I often see services such as Azure logic apps or Dynamics 365 CE API stop responding. Logic calls the API and dataverse responds with 400.


In a recent project, we had these issues 1-2 times out of 10 000 records. It is enough to cause grave problems for an enterprise and must be dealt with. Contacting Microsoft support, you’ll learn that the only fix is to adjust the resources in their backend. So nothing you can control in advance unless you take your chances and lower the rate of transactions per minute. But by doing so – you’d never know and control other areas of logic calling the same service. So my advice to deal with these types of issues…..always do stress testing….so you do not need to stress.

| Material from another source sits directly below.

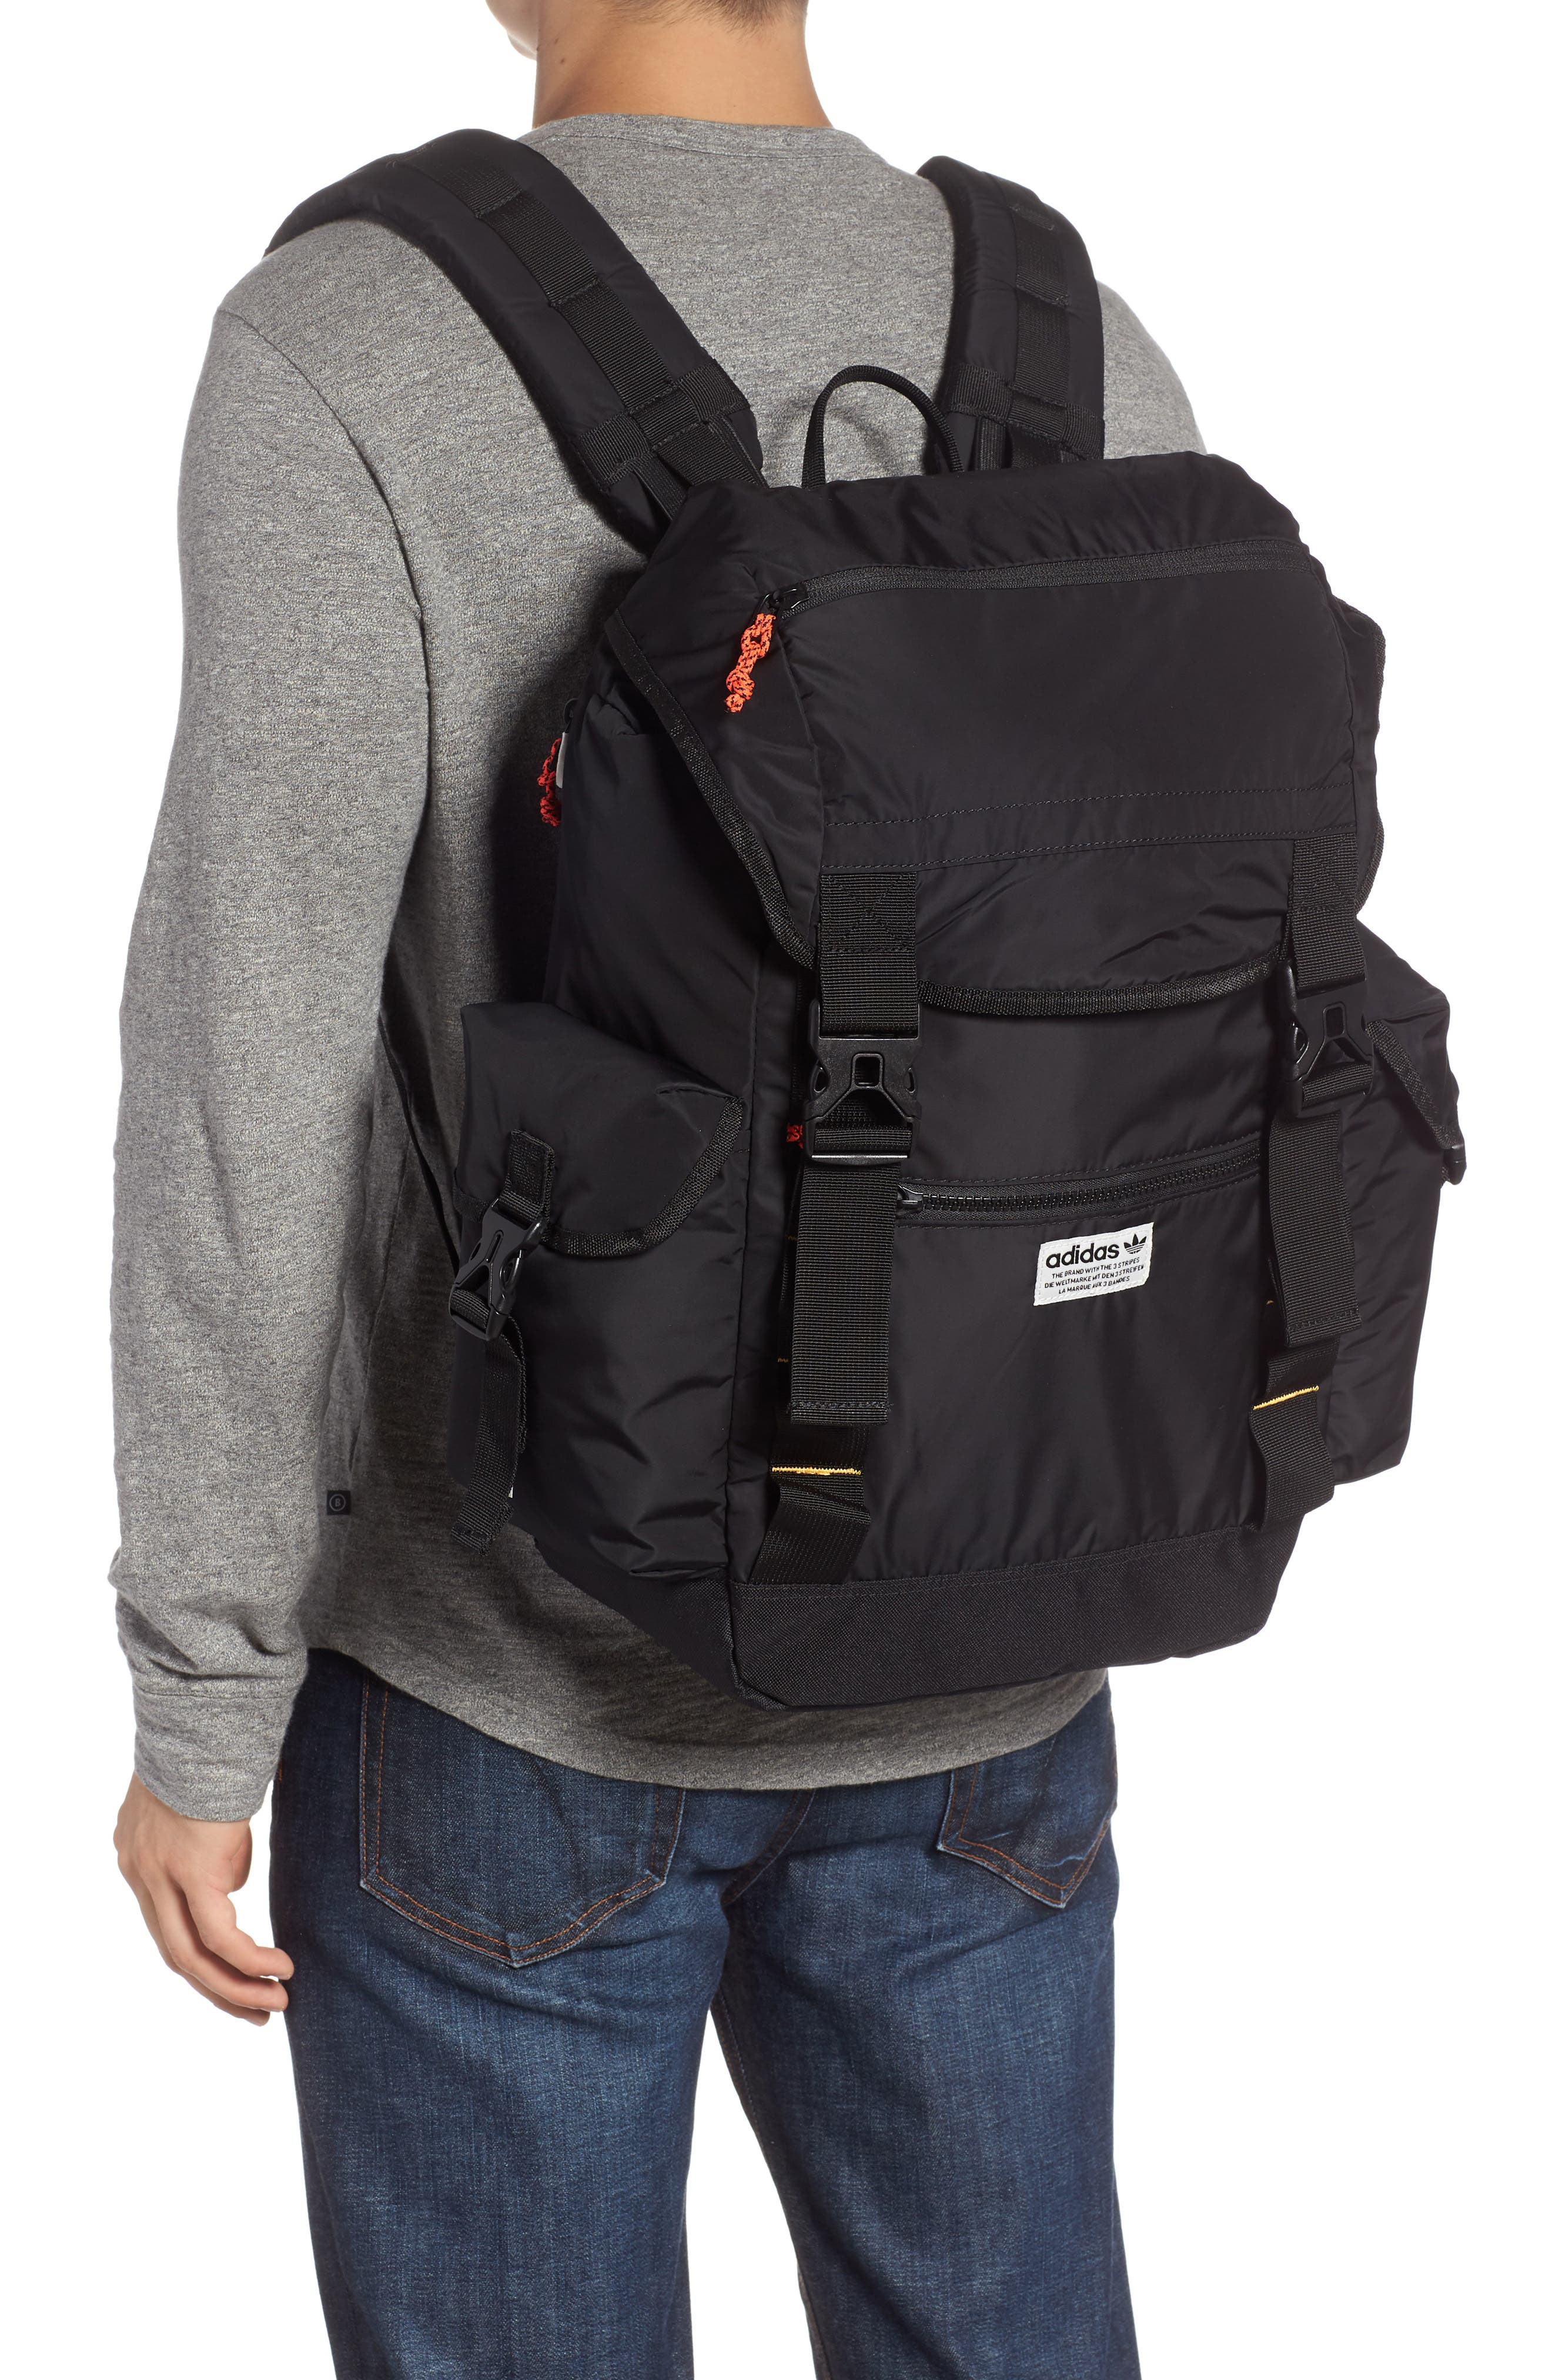 Urban Utility Backpack,                             Alternate thumbnail 2, color,                             001
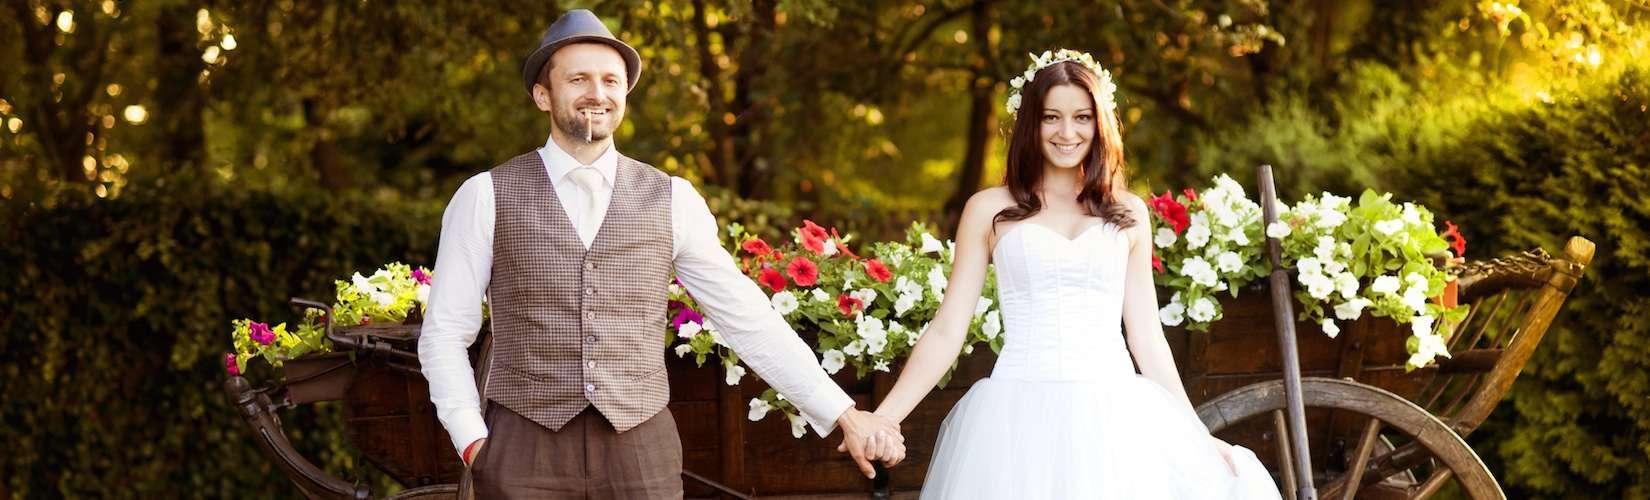 Svatebni Trendy A Vice Nez 20 Inspiraci Pro Rok 2019 Svet Svateb Cz

Further on to the requirements gap for delivering a functioning ALM with Dynamics 365 Customer Engagement.

I am a true believer in devops and I use Azure DevOps extensively and sometimes it is the only place for all my project activites and documentation. In my previous blog article I wrote about manual intervention. It is what I use in my releases via ADO pipelines in order to complete the set of activities required where D365 CE falls short of providing programmtically ways of changing or applying logic to the D365 CE environment. Below I would like to address those activities that I wish had better ways to manipulate using codes or scripts.

Fiscal Year – required setting for most companies but not possible to set either via the API or powershell. You have to go somewhere and press a few buttons.

App feature settings such as Export to PDF etc – you have to logon to the app and choose entities used for pdt exports.

Turn of preview features such as enhanced product experience must be done manually.

Almost all settings in powerportal admin center such as dataverse search on, audit log settings.

Register webhooks via the plug in registration tool must be done manually.

So unfortunately as of today – there are a few things hindering us from delivering a complete solution offering zero touch ALM processes dealing with the Dynamics 365 Customer Engagement.